I am losing count of David Falkayn's moments of realization. Here is another:
"Wait! Drag that thought by slowly. You'd started playing with it before, when Chee interrupted -
"Falkayn sat rigid, oblivious, until the Cynthian grew nervous and shouted into the intercom, 'What ails you?'
"Oh.' The man shook himself. 'Yes. That. How're we doing?'" (David Falkayn: Star Trader, p. 507)
He has just realized how his single ship can defeat a fleet. We are about to read about yet another space battle. See Battle In Space, Hell Rock and The War Against The Seven In Space.
Gahood of Dathyna arrives near Satan with a fleet:
he and his single human assistant are in a large spherical battleship, its shape obscured by towers, pillboxes, derricks and emplacements;
Gahood also controls nineteen streamlined robotic destroyers and three shark-like robotic cruisers;
all twenty three vessels bristle with guns, missile launchers and energy projectors.
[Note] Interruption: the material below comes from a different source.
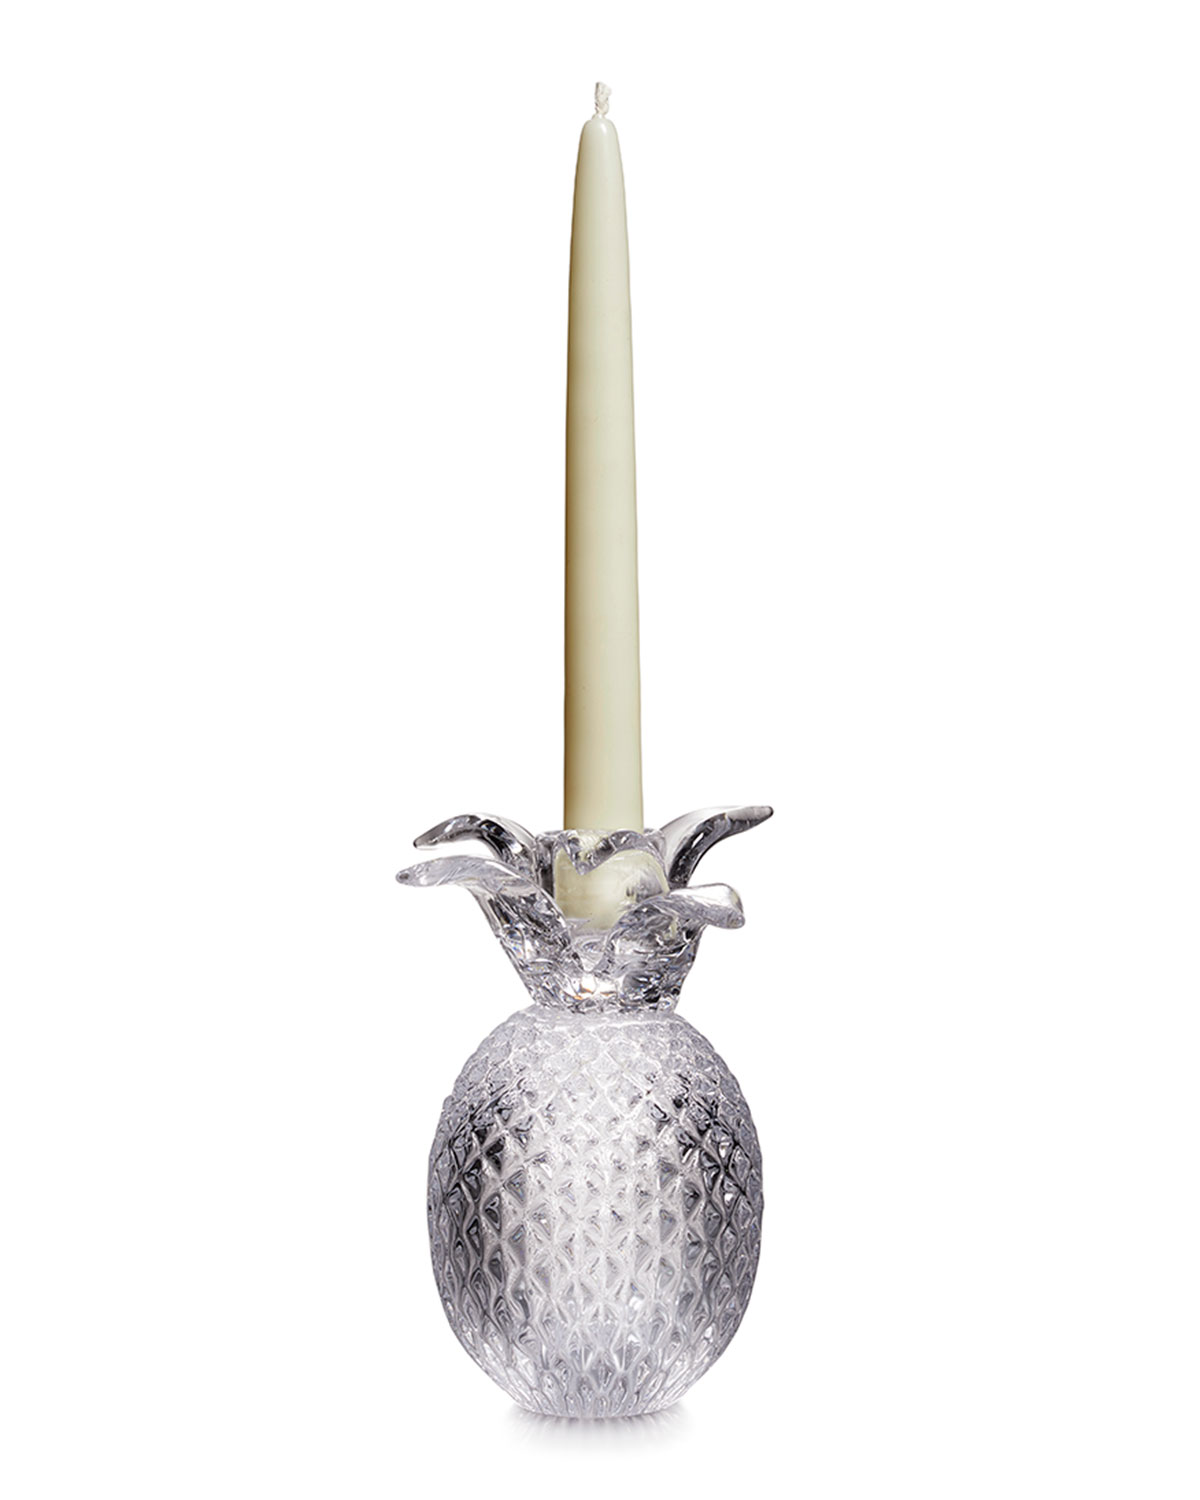 Glass Pineapple Candlestick Holder

How much damage can Falkayn and Chee Lan in Muddlin' Through do to all that? Quite a lot. Muddlin' Through, controlled by the consciousness-level computer, Muddlehead, has small arms, light guns, four heavy blast cannon and four nuclear torpedoes. Falkayn, invited aboard the Dathynan battleship to be interrogated by Gahood, goes booby trapped and barely escapes with the human Hugh Latimer as a hostage. Chee Lan gets the Dathynan coordinates out of Latimer's brain. When Gahood realizes that he has retrieved from space not Latimer but his empty spacesuit, he attacks. Muddlehead leads the nineteen destroyers into a Satanic hurricane which destroys them utterly. The cruisers, orbiting Satan against possible space attack, which Falkayn has led Gahood to expect, are attacked by Muddlin' Through. Two are destroyed by torpedoes but a countermissile intercepts the third torpedo so Falkayn launches his fourth which has a near miss and badly damages the one surviving cruiser. Gahood retreats and returns home, not knowing that he can now be followed. You win this time, Earthlings!
3 comments:
Kaor, Paul!
Commenting on your last paragraph: one conclusion I drew from this is how risky it would be to depend mostly on computers and robotics on managing a fleet. The best computer programs can only do what it was PROGRAMMED to do, and they will be lacking in imagination, ability to react quickly to unexpected strategic changes, etc. I don't think warships with LIVING captains and crews would have entered so dangerously violent an environment as the atmosphere of Satan.
Sean
Sean,
The trader team members make this point!
Paul.
Kaor, Paul!
As did Flandry and various other Terrans in the days of the Empire.